Linear regression
Professur für Künstliche Intelligenz - Fakultät für Informatik
We have a training set of N examples \mathcal{D} = (x_i, t_i)_{i=1..N}.
In linear regression, we want to learn a linear model (hypothesis) y that is linearly dependent on the input x:
y = f_{w, b}(x) = w \, x + b
The free parameters of the model are
the slope w,
the intercept b.
The data \mathcal{D} = (x_i, t_i)_{i=1..N} is given (fixed).
y = f_{w, b}(x) = w \, x + b
This corresponds to a single artificial neuron y with:
one input x,
one weight w,
one bias b,
a linear activation function.
We will see that this generalizes to multiple inputs and outputs.
The goal of the linear regression (or least mean squares - LMS) is to minimize the mean square error (mse) between the targets and the predictions.
It is defined as the mathematical expectation of the quadratic error over the training data:
\mathcal{L}(w, b) = \mathbb{E}_{x_i, t_i \in \mathcal{D}} [ (t_i - y_i )^2 ]
\mathcal{L}(w, b) = \frac{1}{N} \, \sum_{i=1}^{N} (t_i - y_i )^2
The minimum of the mse is achieved when the prediction y_i = f_{w, b}(x_i) is equal to the ground truth t_i for all training examples.
In other words, we want to minimize the residual error of the model on the data.
It is not always possible to obtain the global minimum (0) but the closer, the better.
\mathcal{L}(w, b) = \frac{1}{N} \, \sum_{i=1}^{N} (t_i - y_i )^2
\Delta w = - \eta \, \frac{\partial \mathcal{L}(w, b)}{\partial w}
\Delta b = - \eta \, \frac{\partial \mathcal{L}(w, b)}{\partial b}
\frac{\partial \mathcal{L}(w, b)}{\partial w} = \frac{\partial}{\partial w} [\frac{1}{N} \, \sum_{i=1}^{N} (t_i - y_i )^2]

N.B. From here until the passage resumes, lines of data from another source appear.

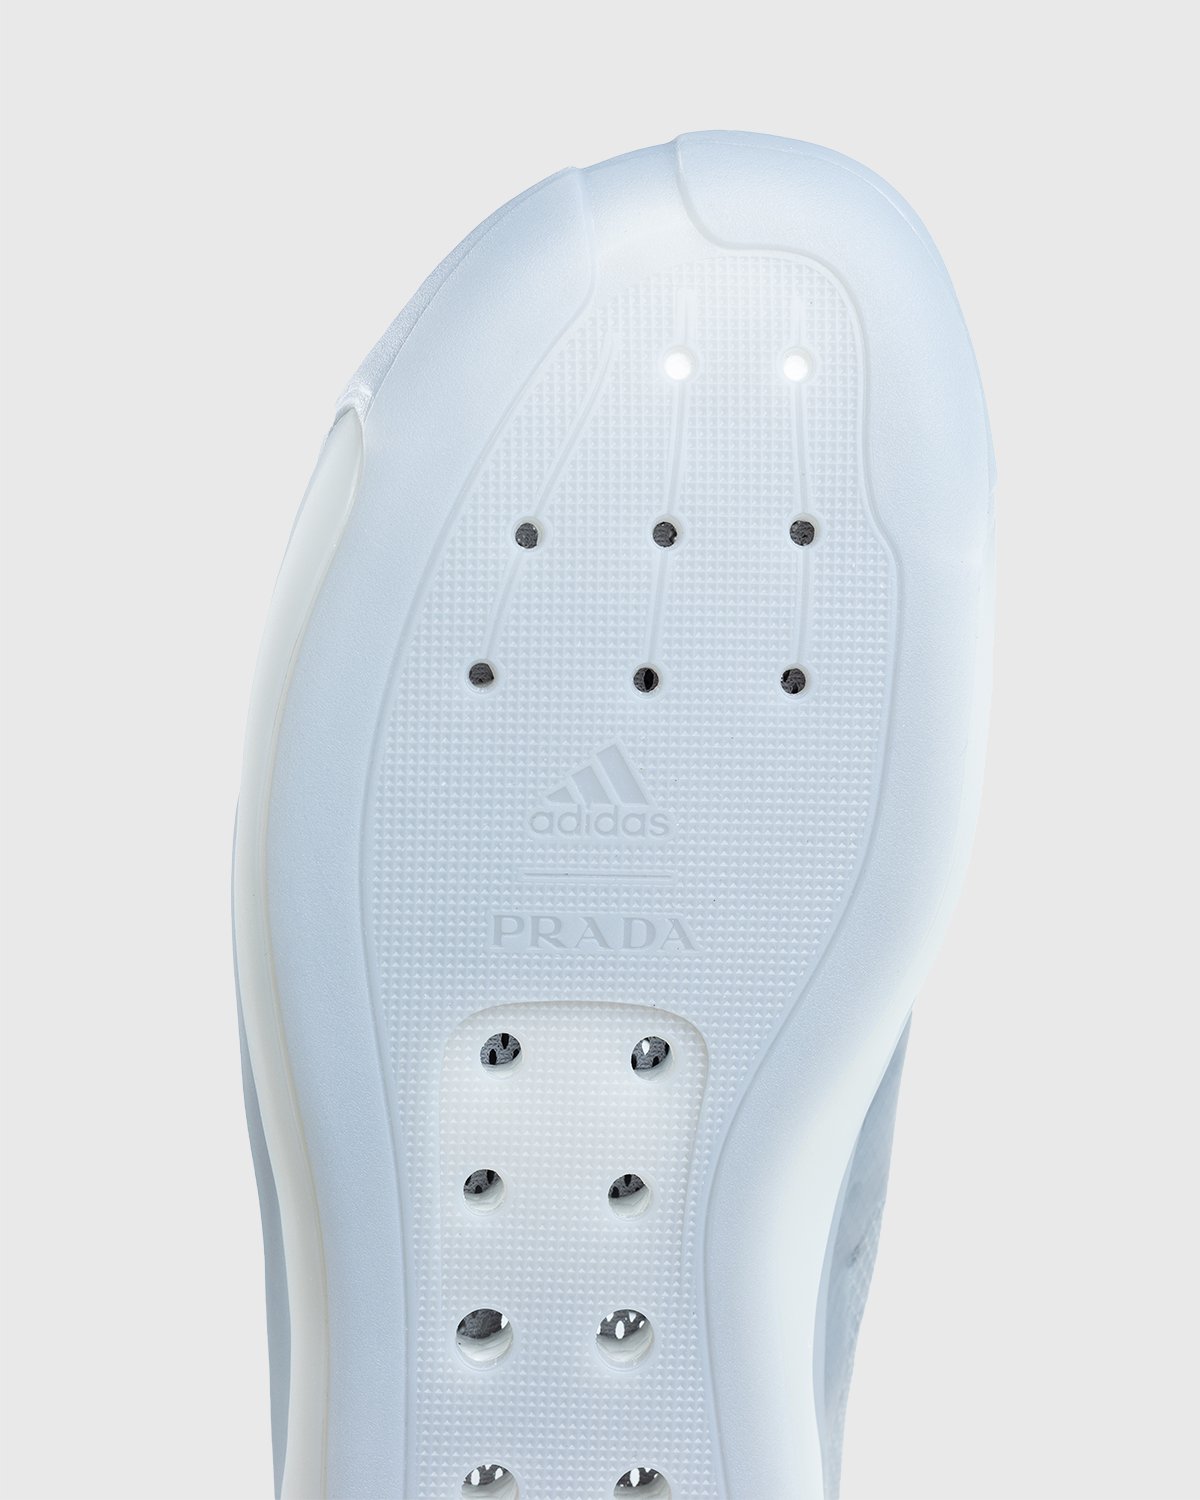 Adidas x Prada - A+P Luna Rossa 21 Performance - Footwear - Grey - Image 7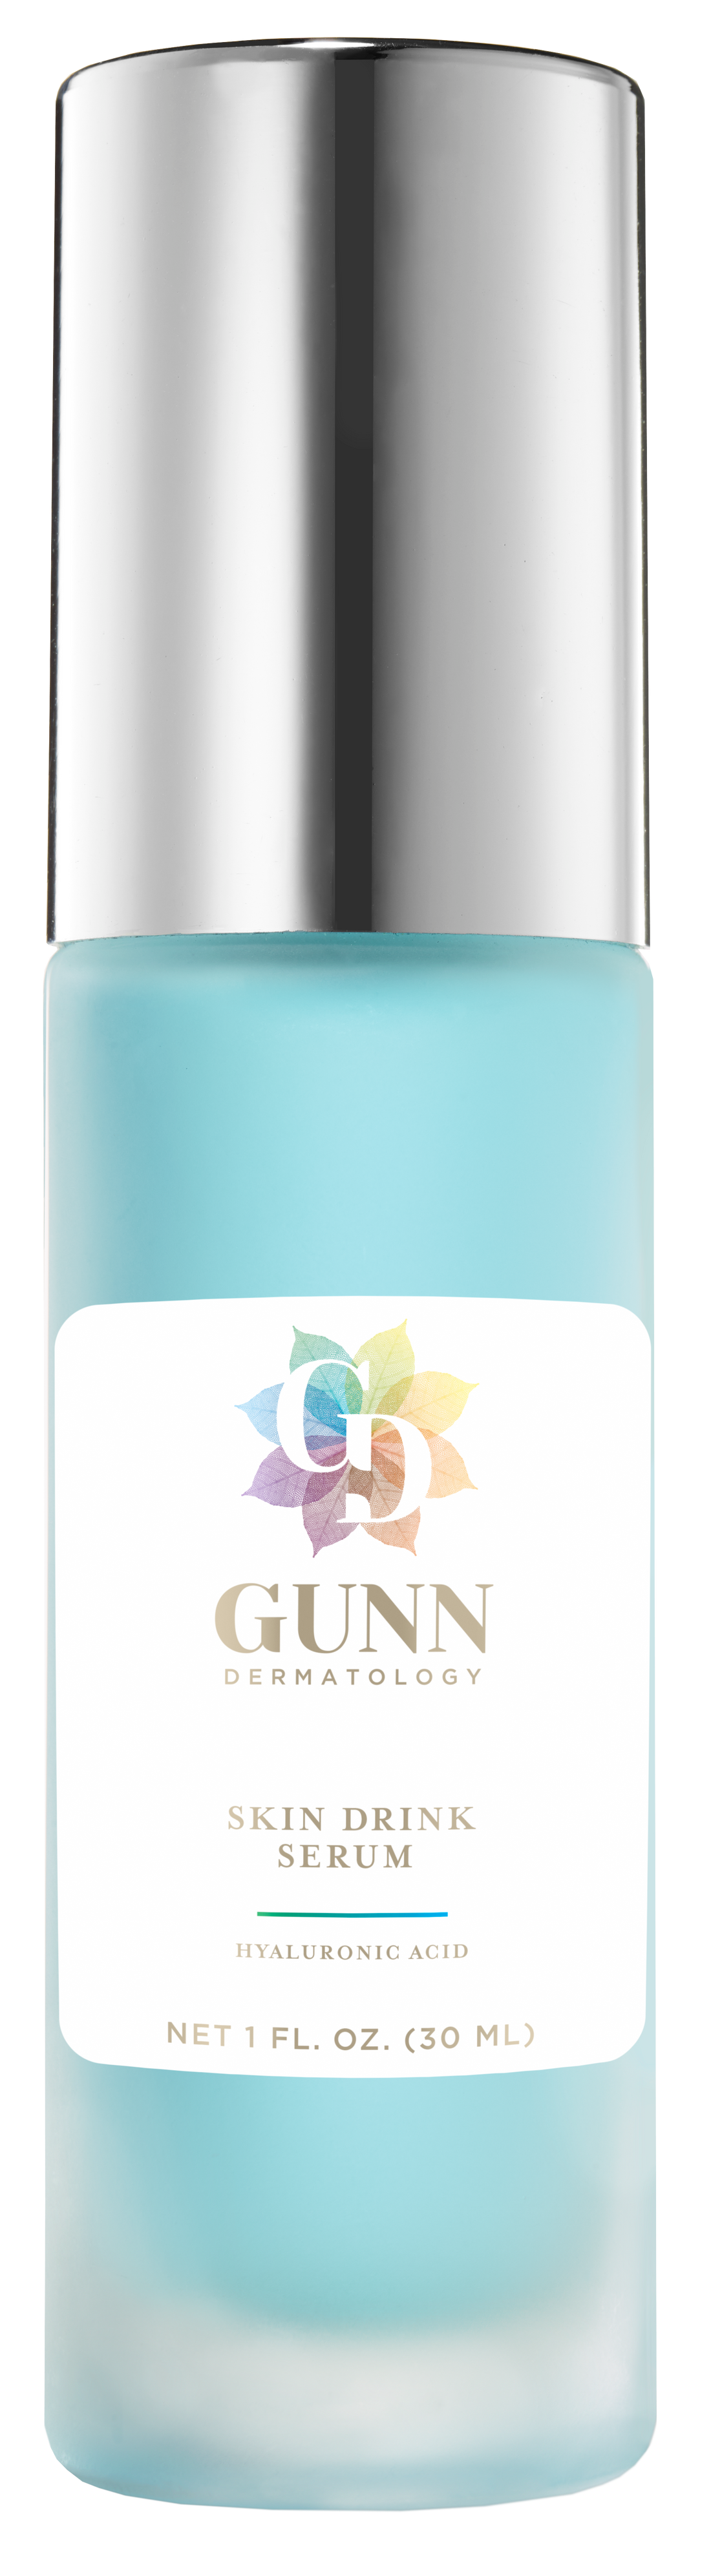 Gunn Dermatology Skin Drink Serum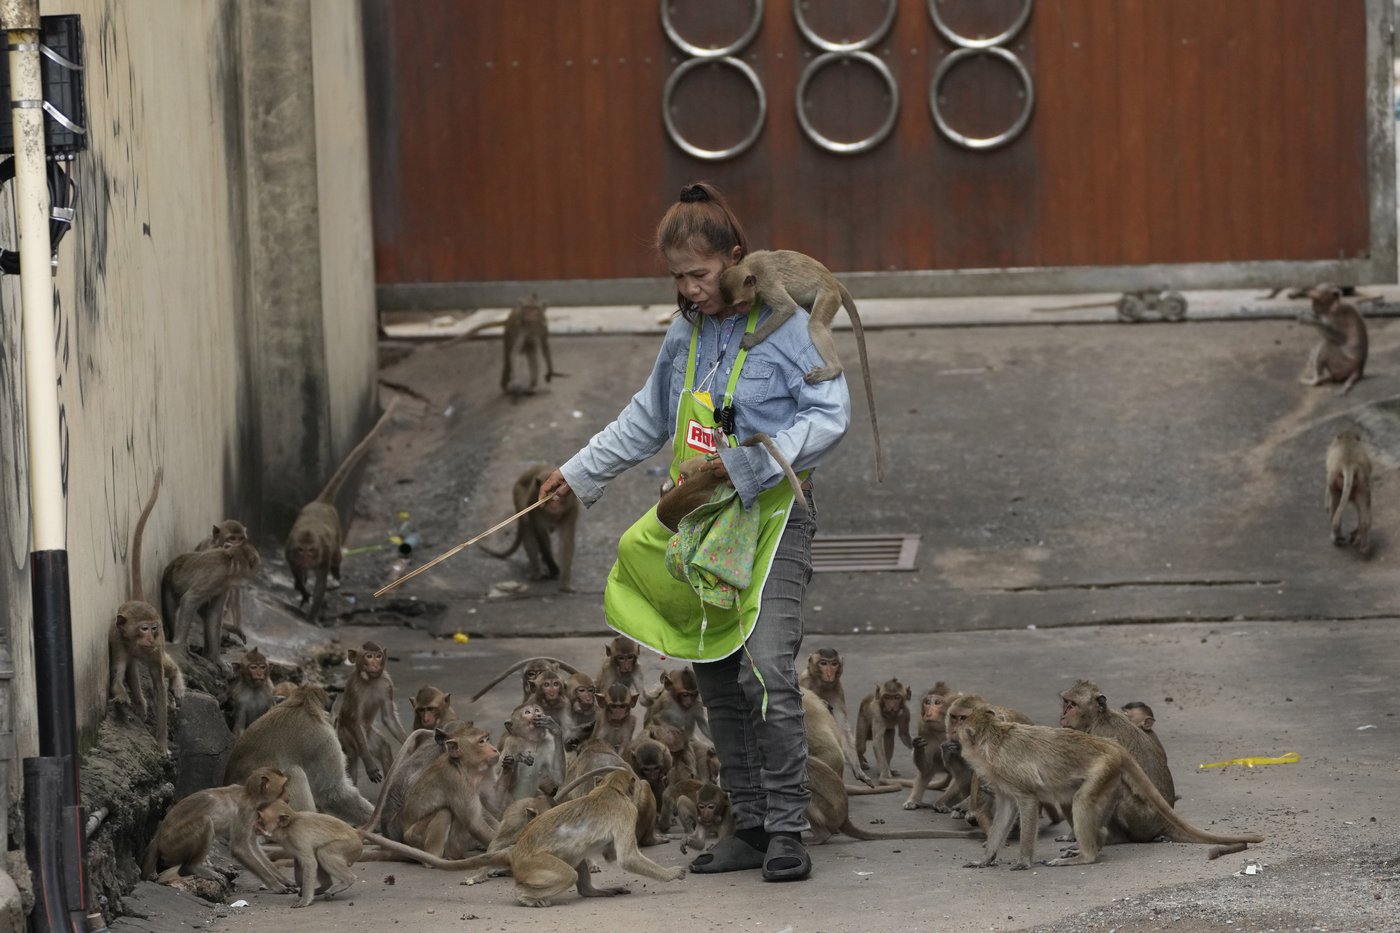 Une ville de Thaïlande tente de contrôler la population de singes sauvages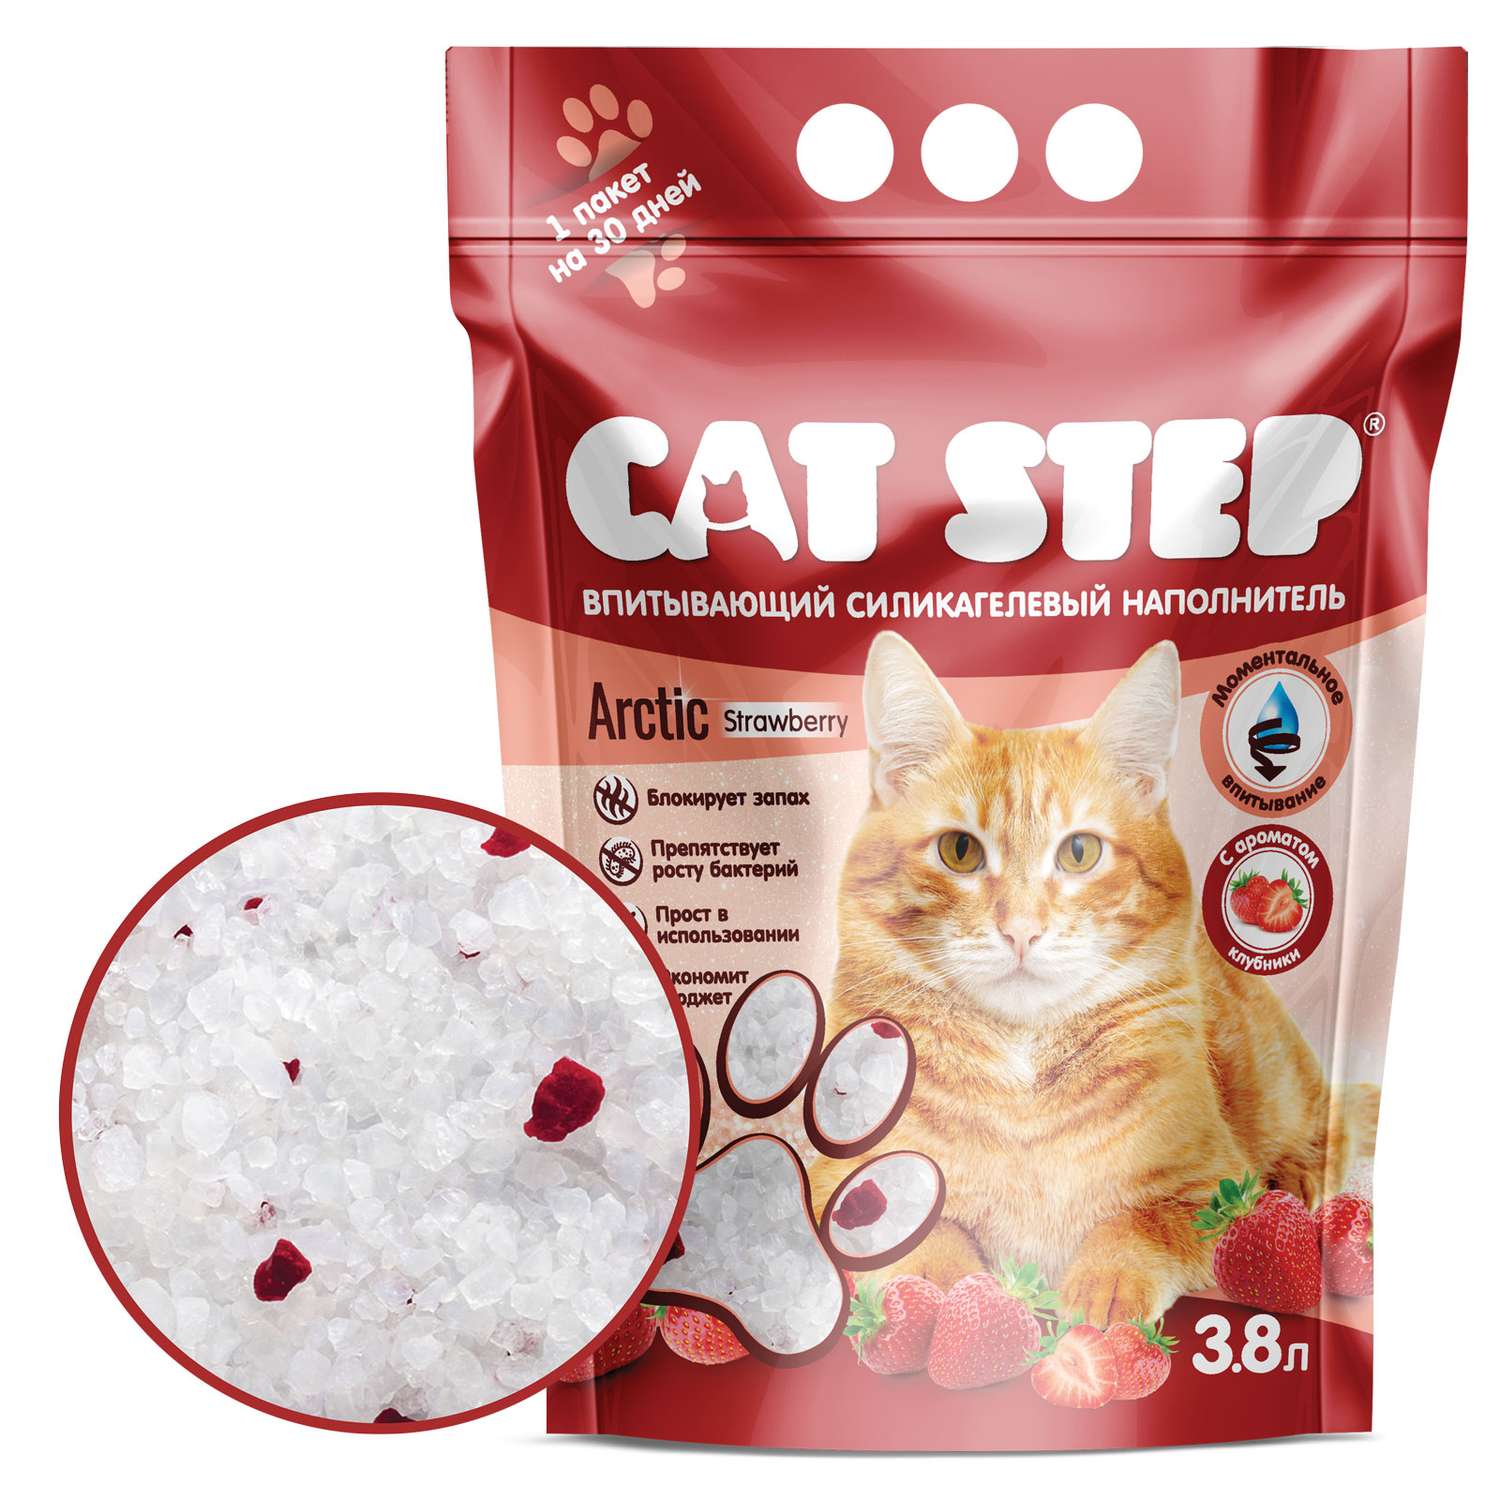 Наполнитель для кошек Cat Step Arctic Strawberry впитывающий силикагелевый 3.8л - фото 1

\frac{\partial \mathcal{L}(w, b)}{\partial w} = \frac{1}{N} \, \sum_{i=1}^{N} \frac{\partial}{\partial w} (t_i - y_i )^2
\frac{\partial \mathcal{L}(w, b)}{\partial w} = \frac{1}{N} \, \sum_{i=1}^{N} \frac{\partial}{\partial w} \mathcal{l}_i(w, b) \qquad \text{with} \qquad \mathcal{l}_i(w, b) = (t_i - y_i )^2
The individual loss \mathcal{l}_i(w, b) = (t_i - y_i )^2 is the composition of two functions:
a square error function g_i(y_i) = (t_i - y_i)^2.
the prediction y_i = f_{w, b}(x_i) = w \, x_i + b.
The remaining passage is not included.